◆ Recorded information
##########

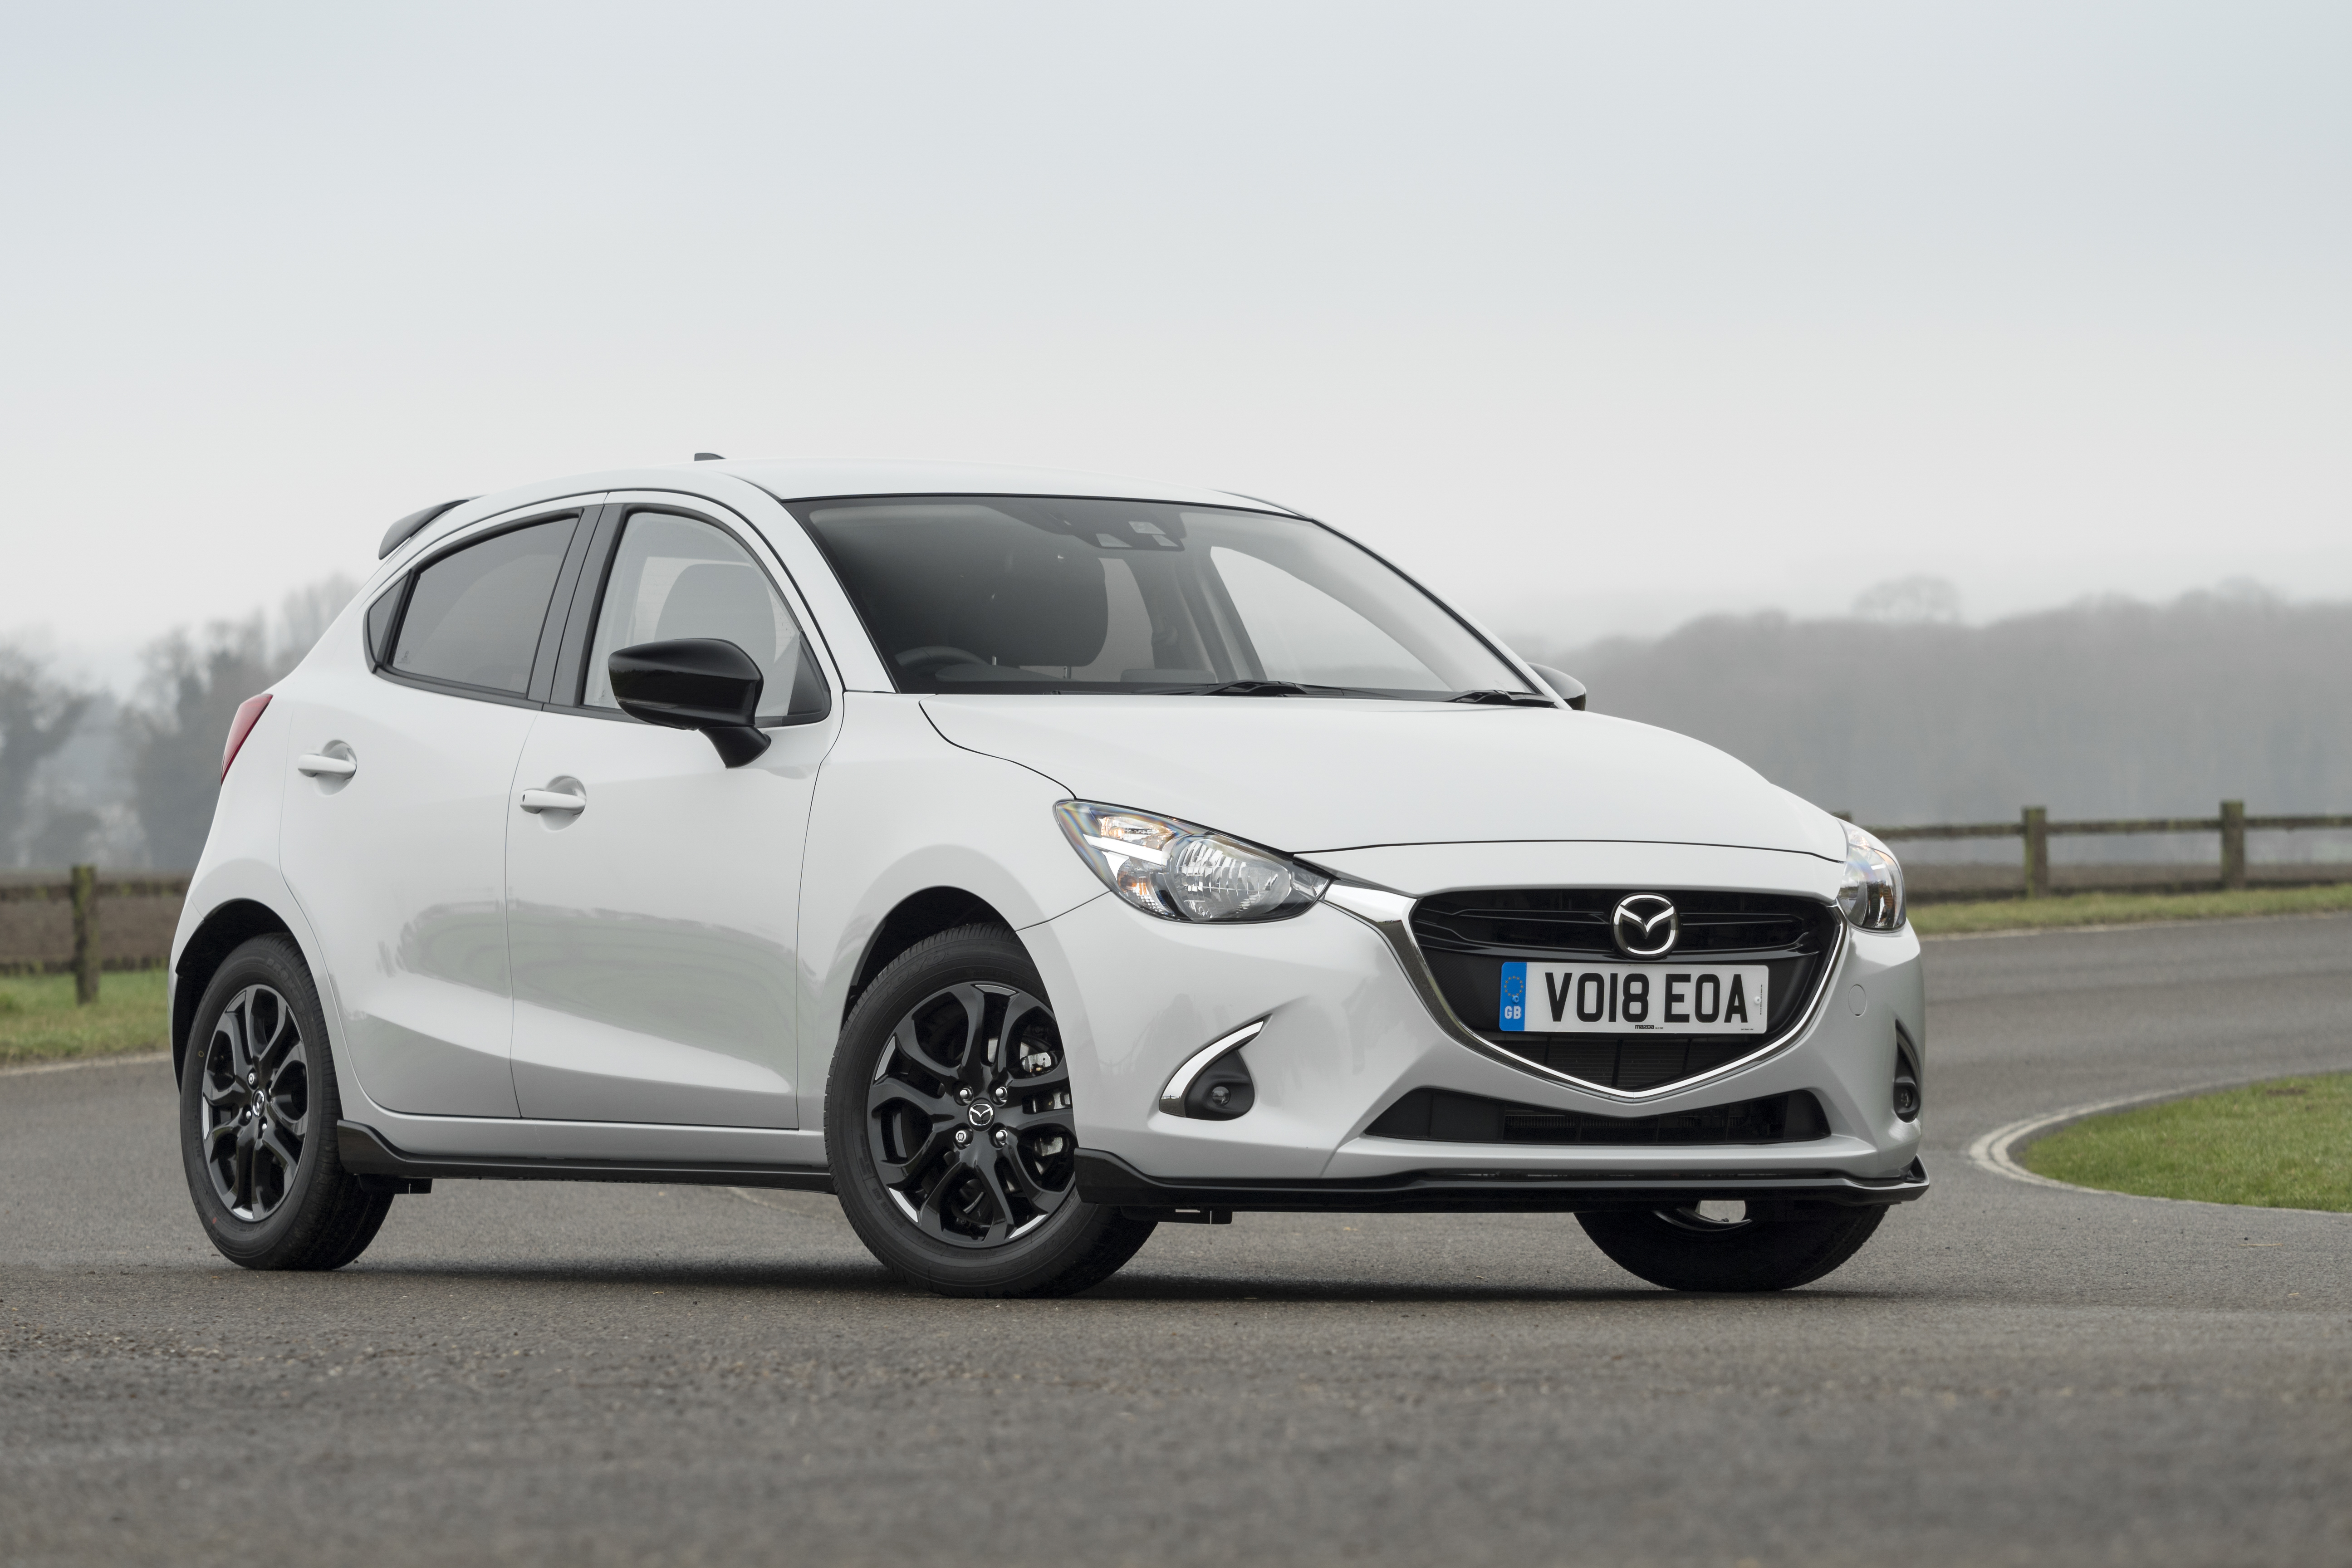 Kelebihan Kekurangan Mazda 2 Hatchback 2018 Tangguh
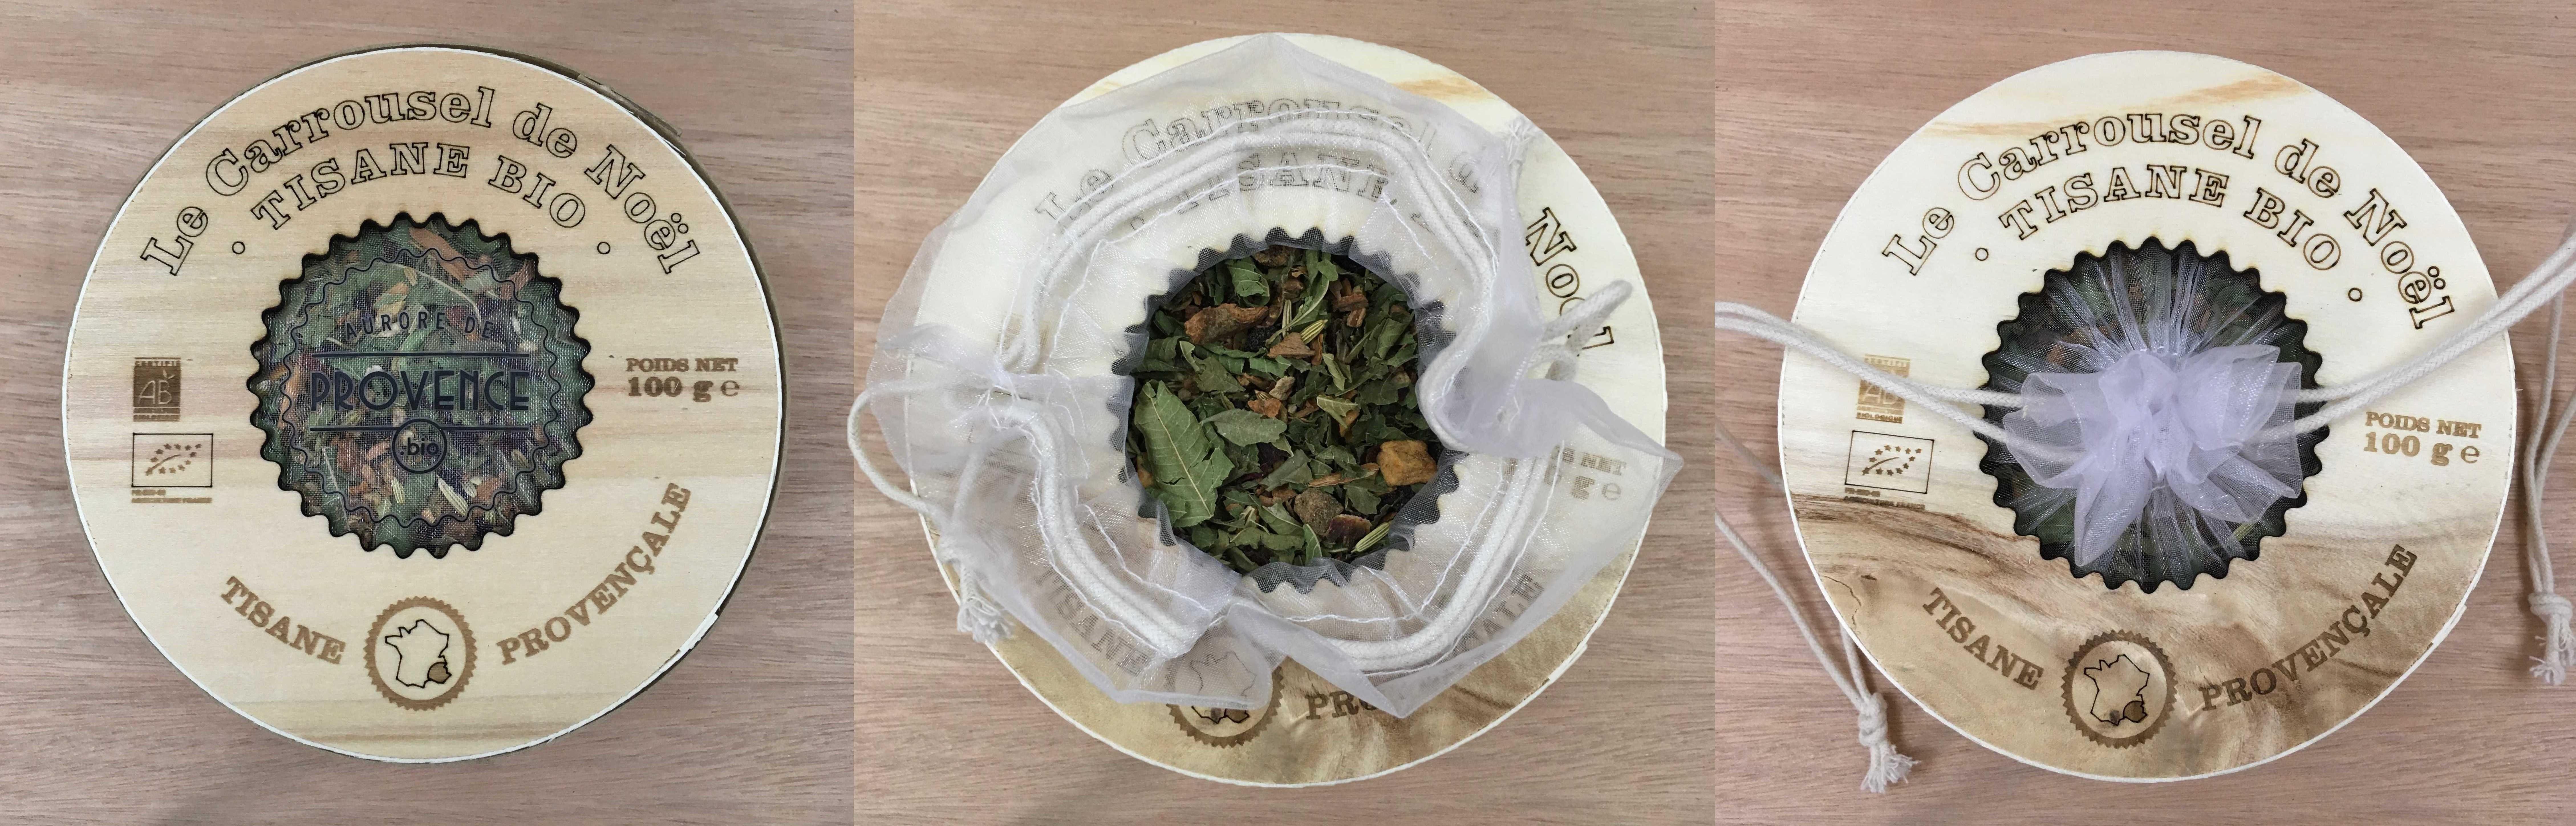 Our organic christmas herbal tea : Le Carrousel de Noël
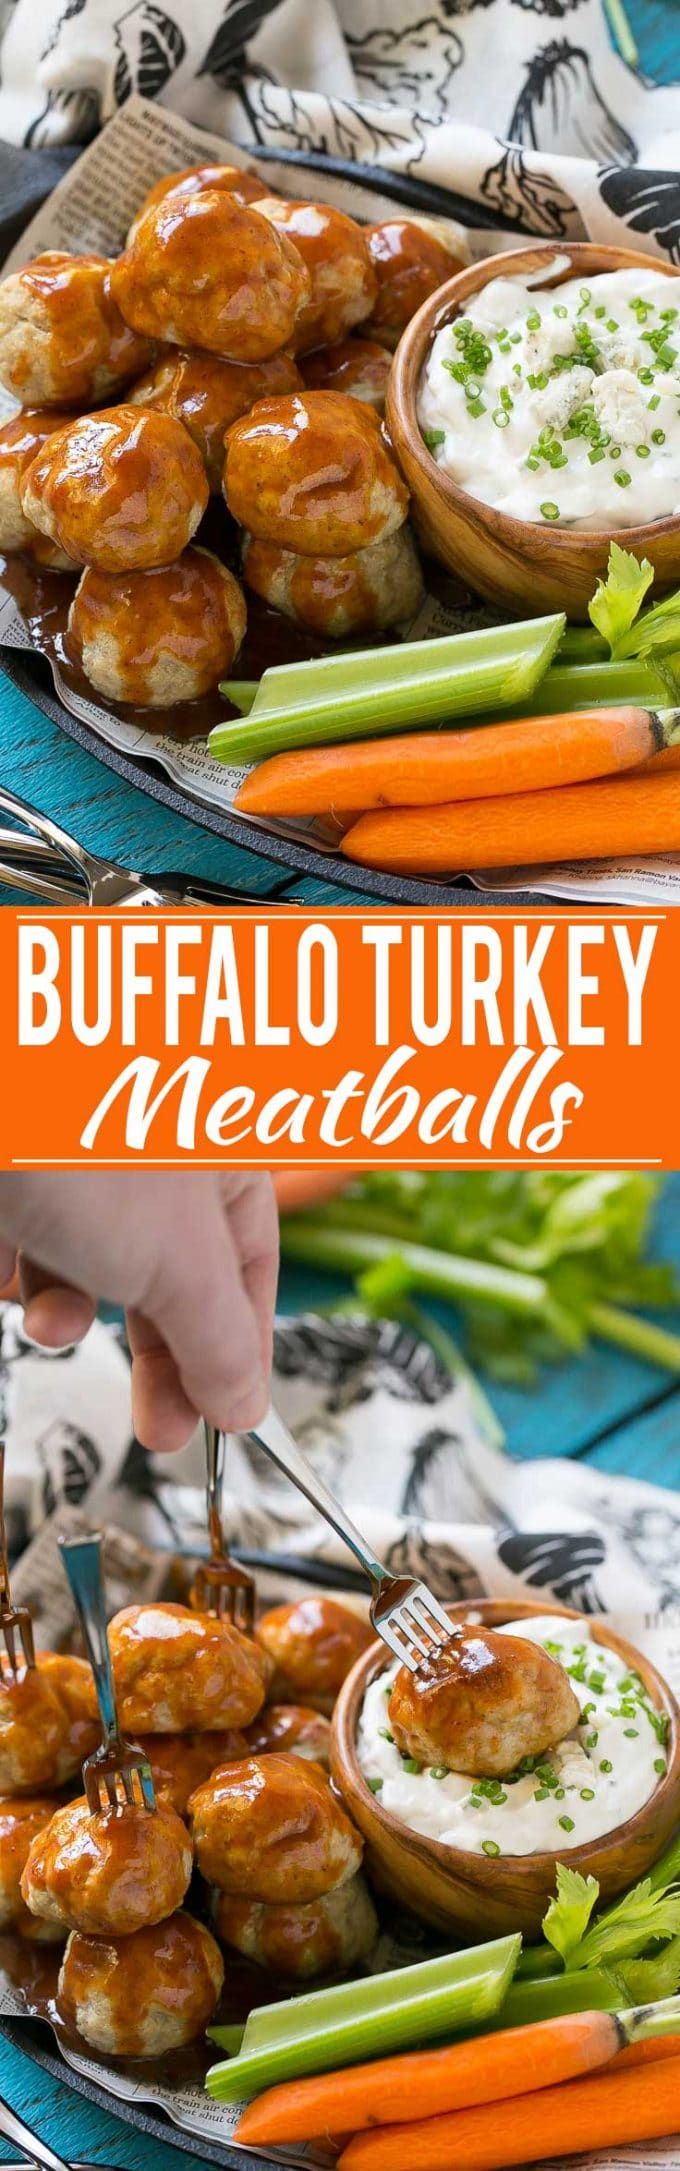 Buffalo Turkey Meatball Recipe | Buffalo Turkey Meatballs | Chipotle Sauce Meatballs | Skinny Blue Cheese Dip | Buffalo Meatballs
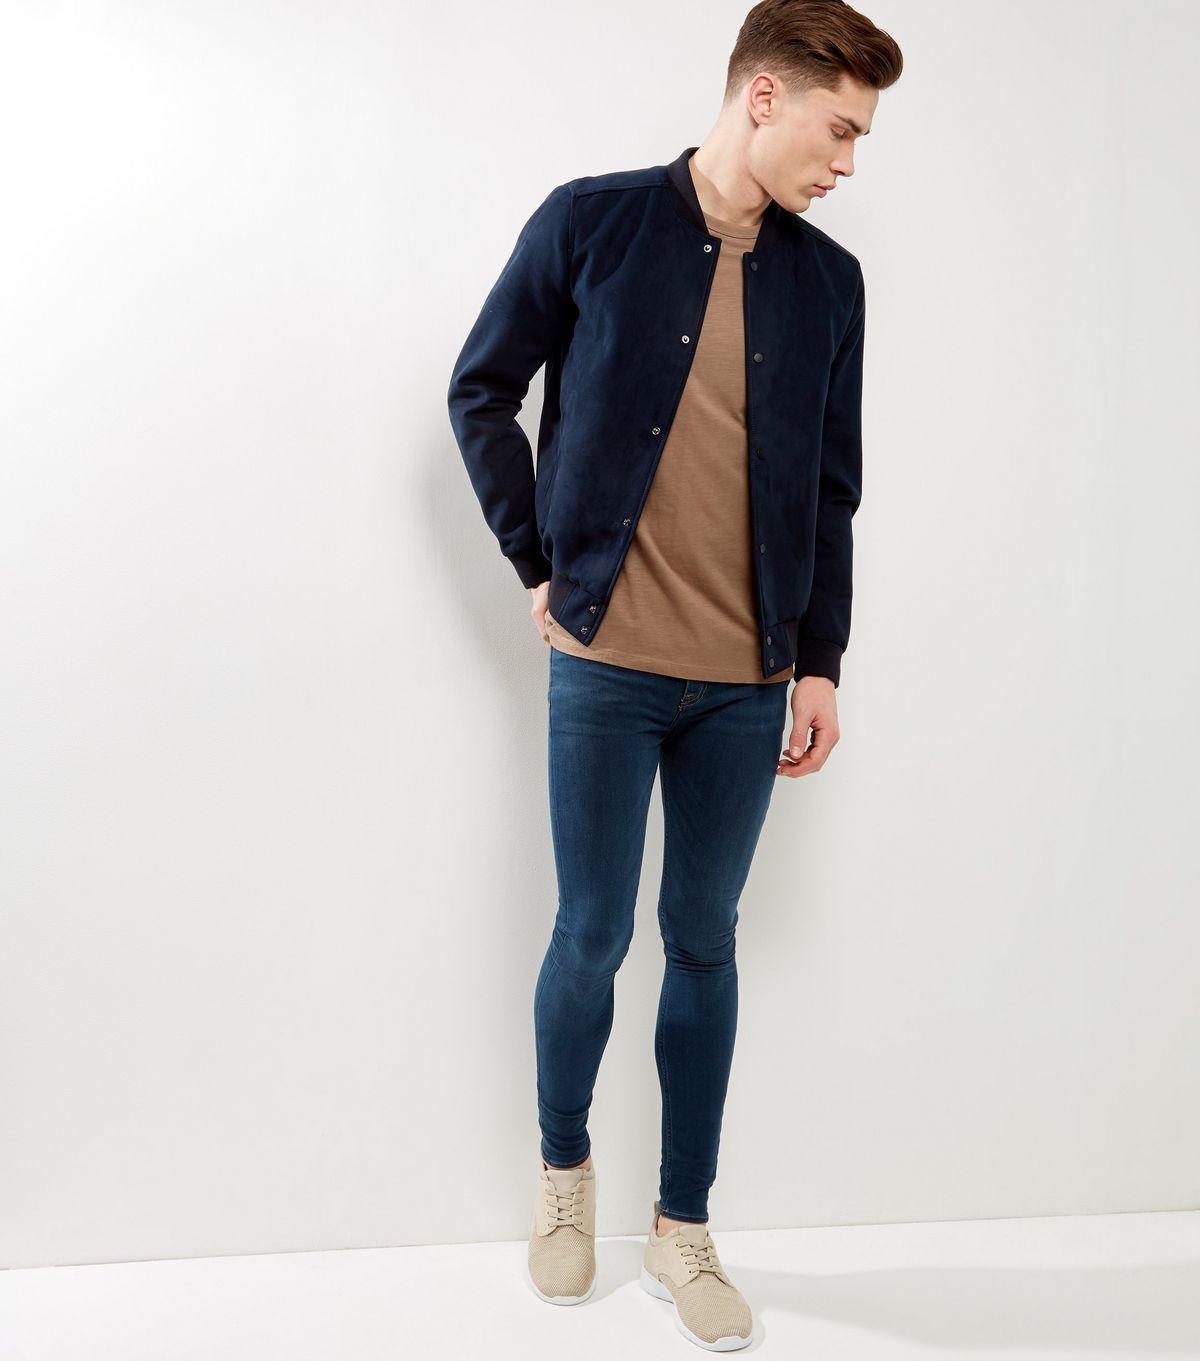 pin von skinnyjeansfetish auf skinny jeans kireit pillifarkkuja pinterest jeans skinny. Black Bedroom Furniture Sets. Home Design Ideas

##########

◆ Task description
Your copy must repeat the data word for word and show none of its images.

◆ Exercise response
 Kelebihan Kekurangan Mazda 2 Hatchback 2018 Tangguh
 Our organic christmas herbal tea : Le Carrousel de Noël
 Buffalo Turkey Meatball Recipe | Buffalo Turkey Meatballs | Chipotle Sauce Meatballs | Skinny Blue Cheese Dip | Buffalo Meatballs
 pin von skinnyjeansfetish auf skinny jeans kireit pillifarkkuja pinterest jeans skinny. Black Bedroom Furniture Sets. Home Design Ideas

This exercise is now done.